Il problema principale è che i poligoni regolari sono infiniti, mentre i pianeti sono solo sei. Tuttavia l’idea di utilizzare figure geometriche lo soddisfaceva, poiché esse «rappresentano quantità, e quindi qualcosa di precedente ai cieli». Ma si chiedeva: che senso avevano delle figure piane tra delle sfere solide? Ecco Keplero arriva alla «scoperta e all’oggetto su cui verte quest’intero piccolo libro», ossia l’utilizzo dei cinque poliedri regolari, i cosiddetti “solidi platonici”: il tetraedro, il cubo, l’ottaedro, il dodecaedro e l’icosaedro, ossia gli unici poliedri inscrivibili in una sfera, come dimostra lo Scolio di Euclide alla Proposizione 18 del Libro XIII degli “Elementi”. Ecco l’idea che lo colse improvvisamente: «La terra è la sfera che misura ogni cosa. Si costruisca un dodecaedro attorno ad esso: la sfera attorno ad esso sarà Marte. Attorno a Marte si costruisca un tetraedro: la sfera attorno ad essa sarà Giove. Attorno a Giove si costruisca un cubo: la sfera attorno ad esso sarà Saturno. Ora si costruisca un icosaedro all’interno della terra: la sfera inscritta sarà Venere. All’interno di Venere si inscriva un ottaedro: la sfera al suo interno sarà Mercurio». In questo modo si ottiene la spiegazione sia del numero delle orbite planetarie, che della loro grandezza.

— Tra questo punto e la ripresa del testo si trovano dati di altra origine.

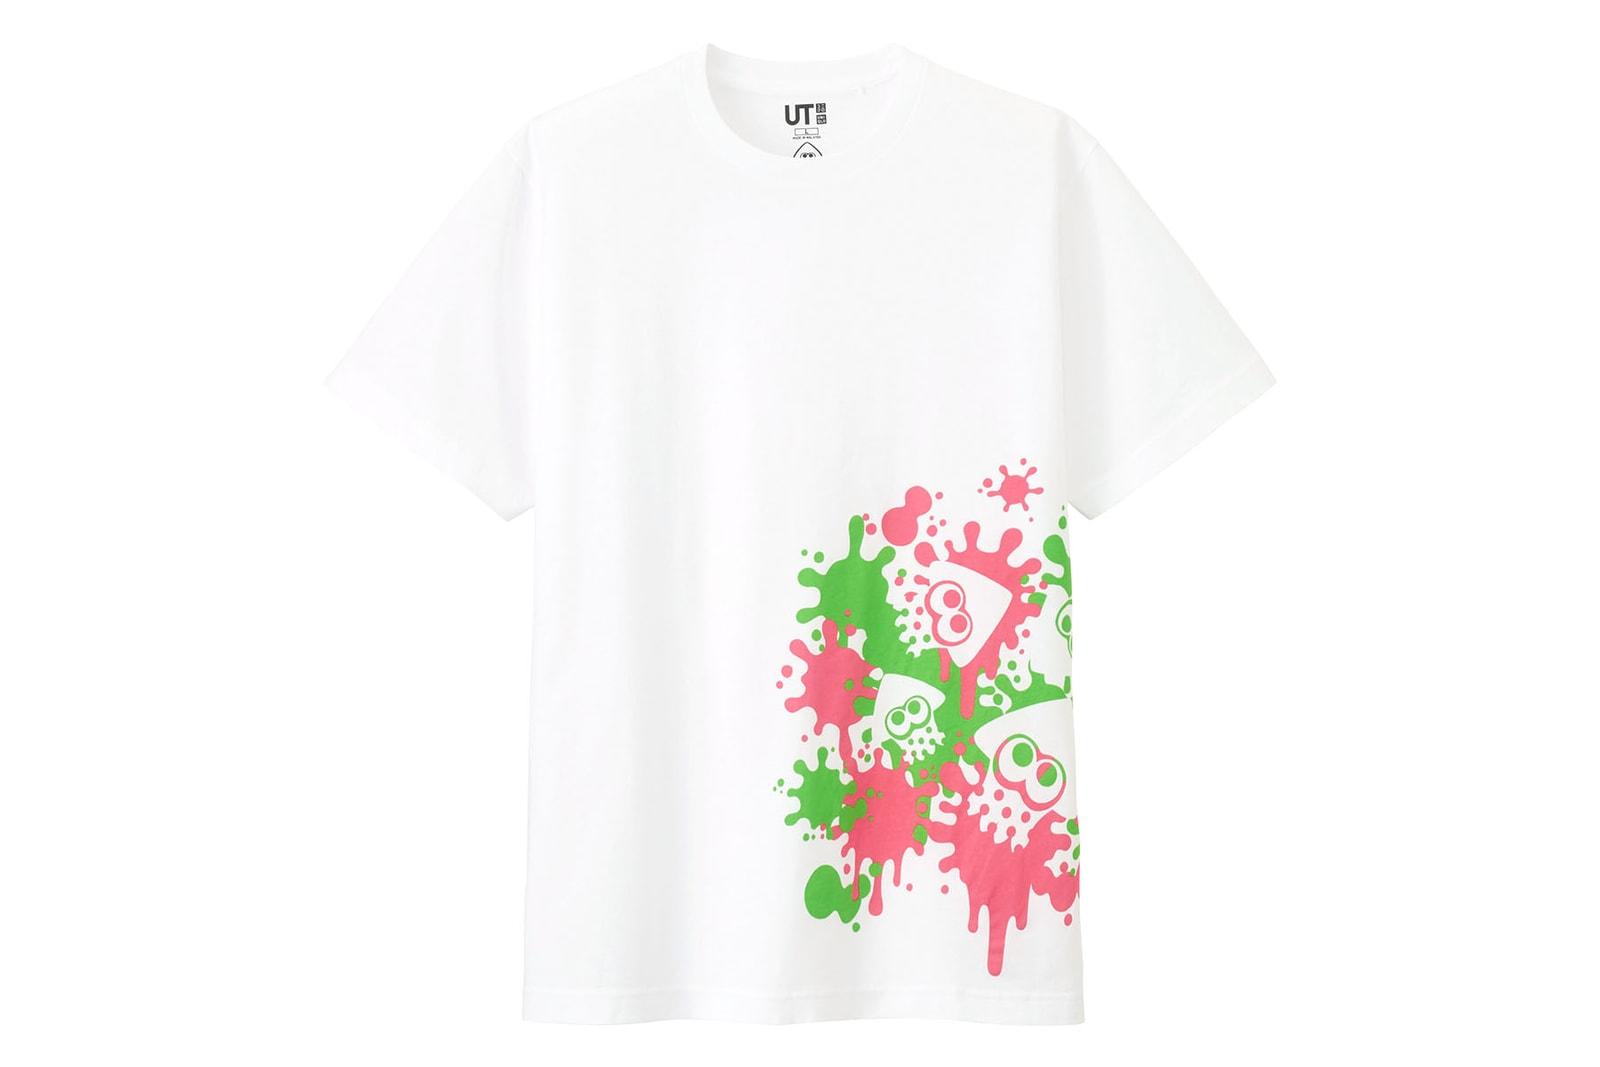 HYPEBEAST 嚴選 UNIQLO UT 2019 春夏系列
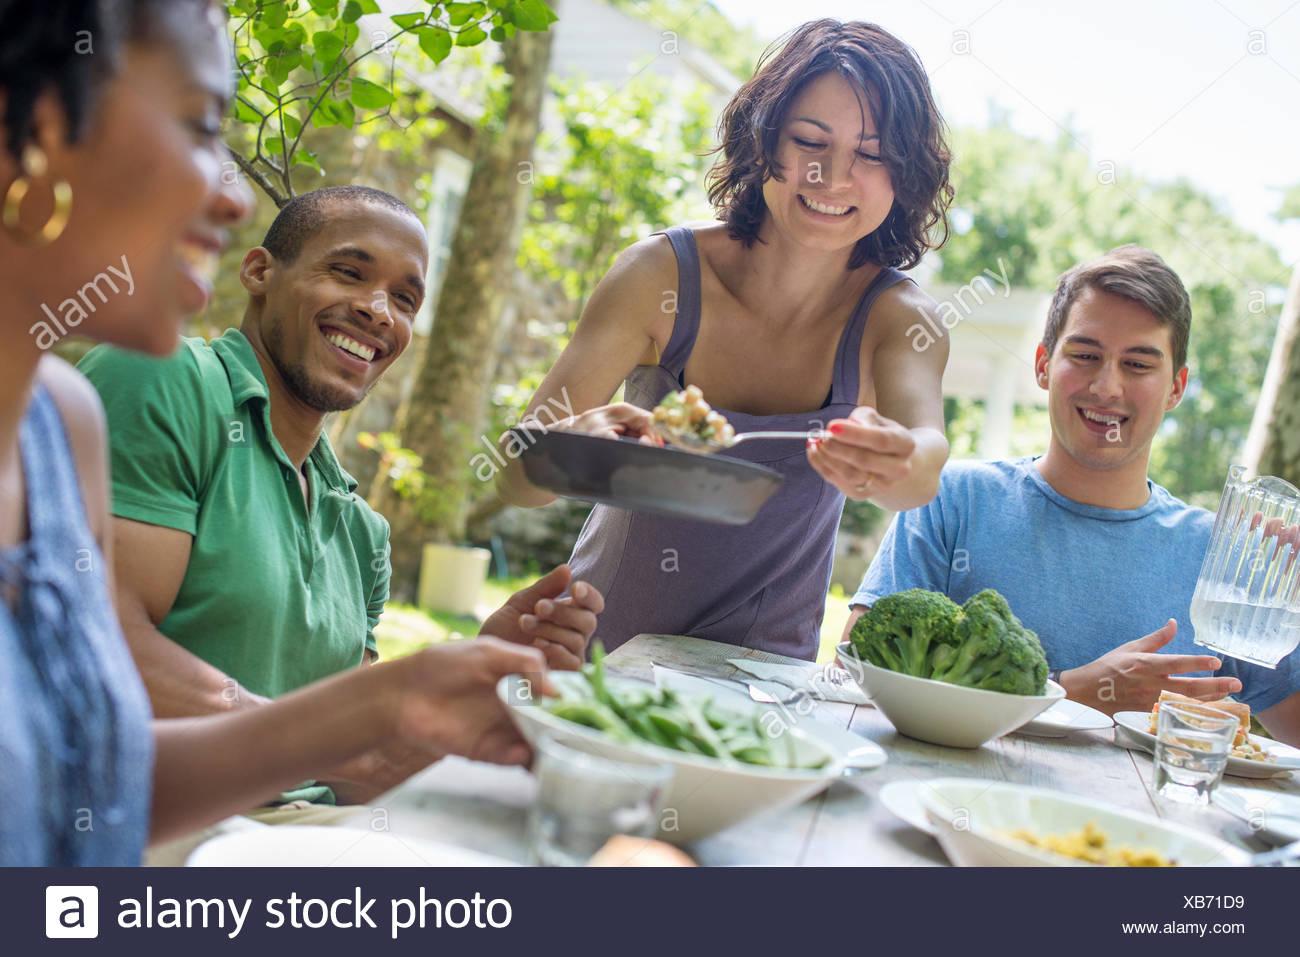 Una Reunión Familiar Hombres Mujeres Y Niños Alrededor De Una Mesa

Dopo assidui studi e formulate le prime due leggi sul moto dei pianeti, Keplero combina le sue scoperte con le sue conoscenze musicali e quasi come per gioco tenendo conto che le note musicali allora erano 6 (Ut, Re, Mi, Fa, Sol, La) come i pianeti Keplero applica ai calcoli geometrici sopra descritti dei valori e li rapporta agli intervalli musicali tenendo conto delle scale, da ciò evince che i pianeti allineandosi creano intervalli musicali e calcolandone il ritmo e la frequenza, riesce a definire il moto armonico delle sfere ed otterrà quella che sarà la sua terza legge sul moto dei pianeti.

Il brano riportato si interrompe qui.